Fitzpatrick’s first full-time job for an entertainer was driving an equipment truck for country star Barbara Mandrell in the 1980s.

“I learned so much about the business from the Mandrell organization,” Fitzpatrick said. “During the days, especially on off days, we could go to city parks and relax or play ball. Barbara would cook us hamburgers, and it felt good, like family.”

However, tragedy struck both Mandrell and Fitzpatrick in 1984 when she was seriously injured in a traffic accident. The country star, at the peak of her career, did not perform for almost two years.During that time, Fitzpatrick could not make payments on his truck and equipment and, under the stress, turned to drugs, he said.

He lost the truck but may have regained his life by battling back with the help of family and others, according to his book.
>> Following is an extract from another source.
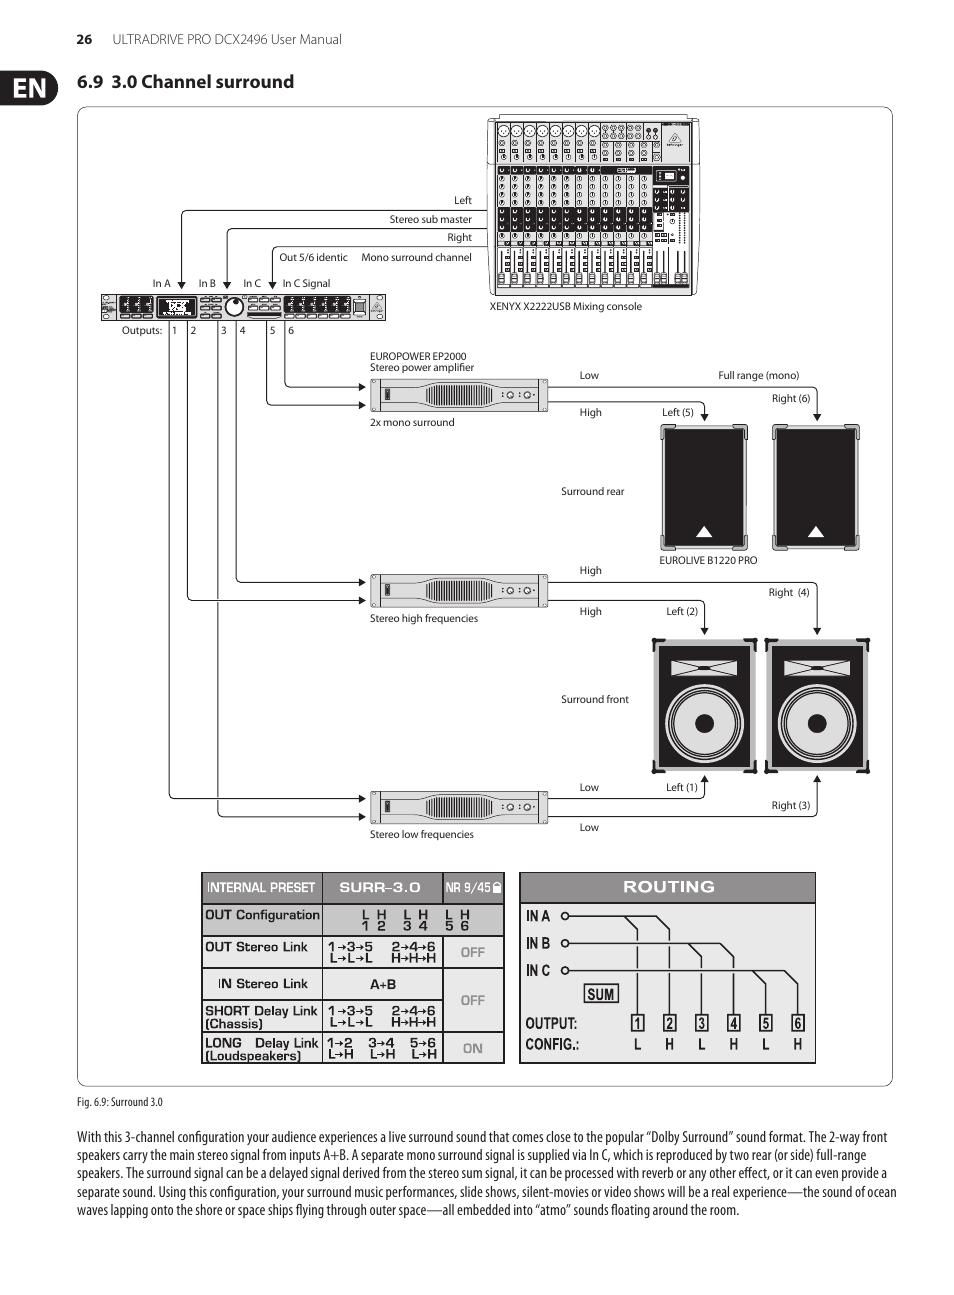 9 3 0 channel surround behringer ultradrive pro dcx2496 user rh manualsdir com behringer ultradrive pro dcx2496 user manual Behringer 2496 Mods

As a truck driver, he had sneered at driving a bus, but when he received an offer to return to the road in 1986, he took it and was soon traveling with Eddie Murphy during his “Raw” comedy tour that played all over the country with the excitement of a rock show.

The life of a bus driver - long hours in the driver’s seat, unable to move much, road food and odd hours, mixed with the atmosphere of a traveling rock tour - can be damaging to his health. However, Fitzpatrick has stayed in shape and healthy because of his family, and even with the help of the Dave Matthews Band.
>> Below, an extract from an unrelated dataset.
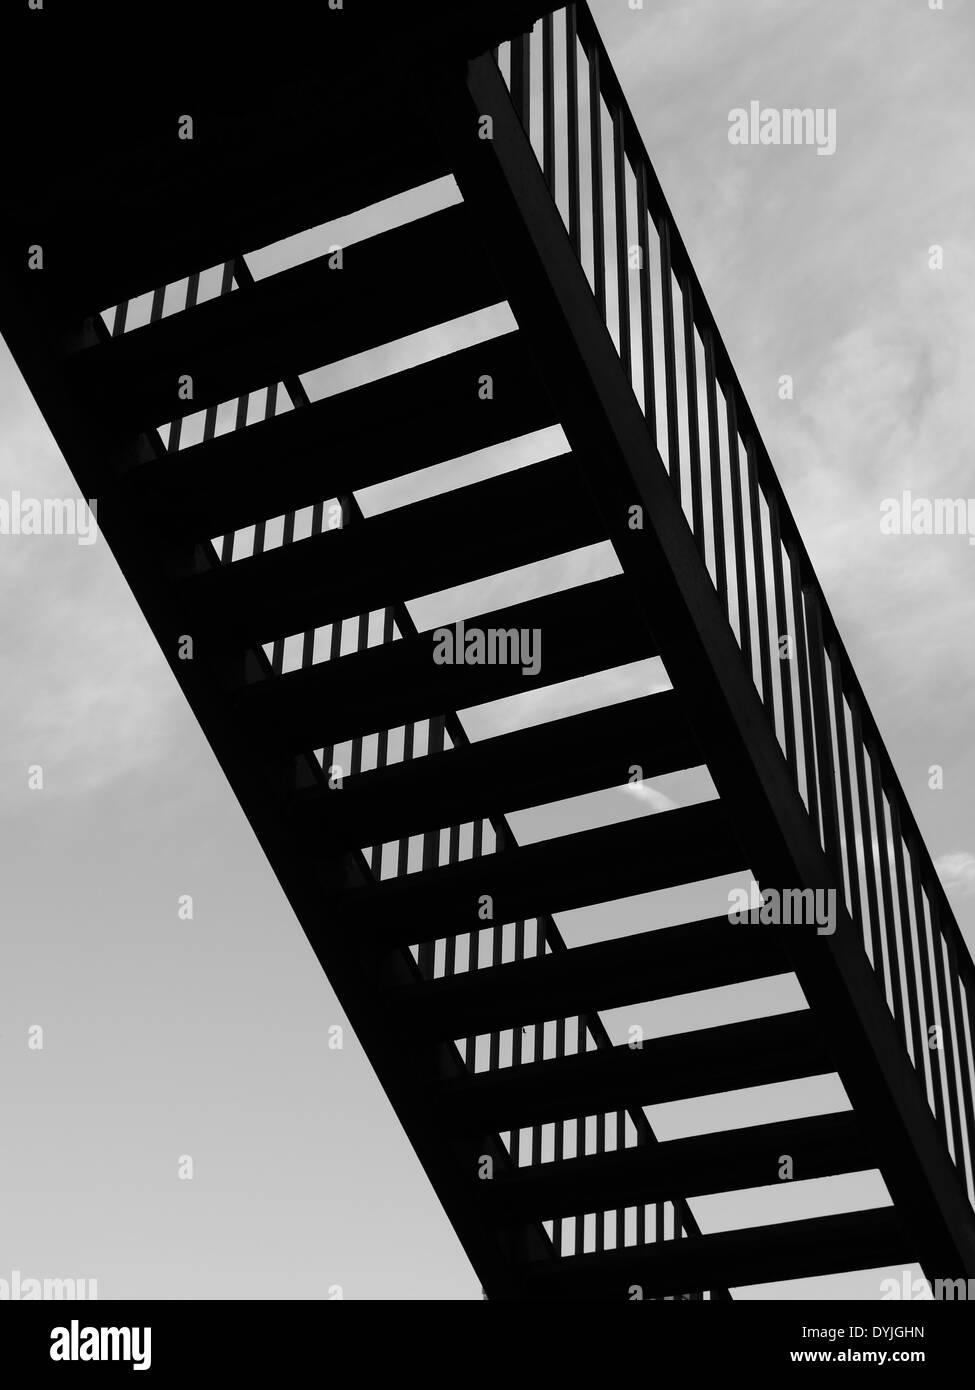 Image abstraite de l'escalier métallique en silhouette - art / style créatif Photo Stock

“My ex-wife was a wrestler and health conscious,” he said. “One of our daughters is also a picky healthy eater, so there was usually nothing but healthy food around.”

Dave Matthews and his family are also healthy eaters.

“The group has a caterer, and they bring in food every day that’s fresh and healthy,” Fitzpatrick said. “There is a gym in one of the 14 or 15 semi-trucks that accompany the band during the tour.”

Fitzpatrick is also a runner and cyclist.

“About 40 members of the band and crew ride around when we are on the road,” he said. “When I drive to Seattle next month, I’ll stop for a while and try some of the trails in Montana. There is also beauty in some urban areas. Pittsburgh is a great town to ride a bike. They have all these great bridges over the rivers.”

The band’s schedule allows Fitzpatrick to spend more time at home in Benton now.

“When I’m on the road, I give 100 percent to the tour, and when I was home, I tried to give my kids 100 percent to them,” he said.

His daughters are now out of college, but his son attends Bryant High School.

“Last year during a break, we went on tour ourselves, my son and I, studying Civil War history and going to the battle sites. We had a great time.”

Fitzpatrick said he always liked to travel, and he is proud that his children are well traveled.

“There was a lot of time when they were growing up, I would be gone 300 days of the year,” he said.

Now they can read his book and find out what Dad was doing.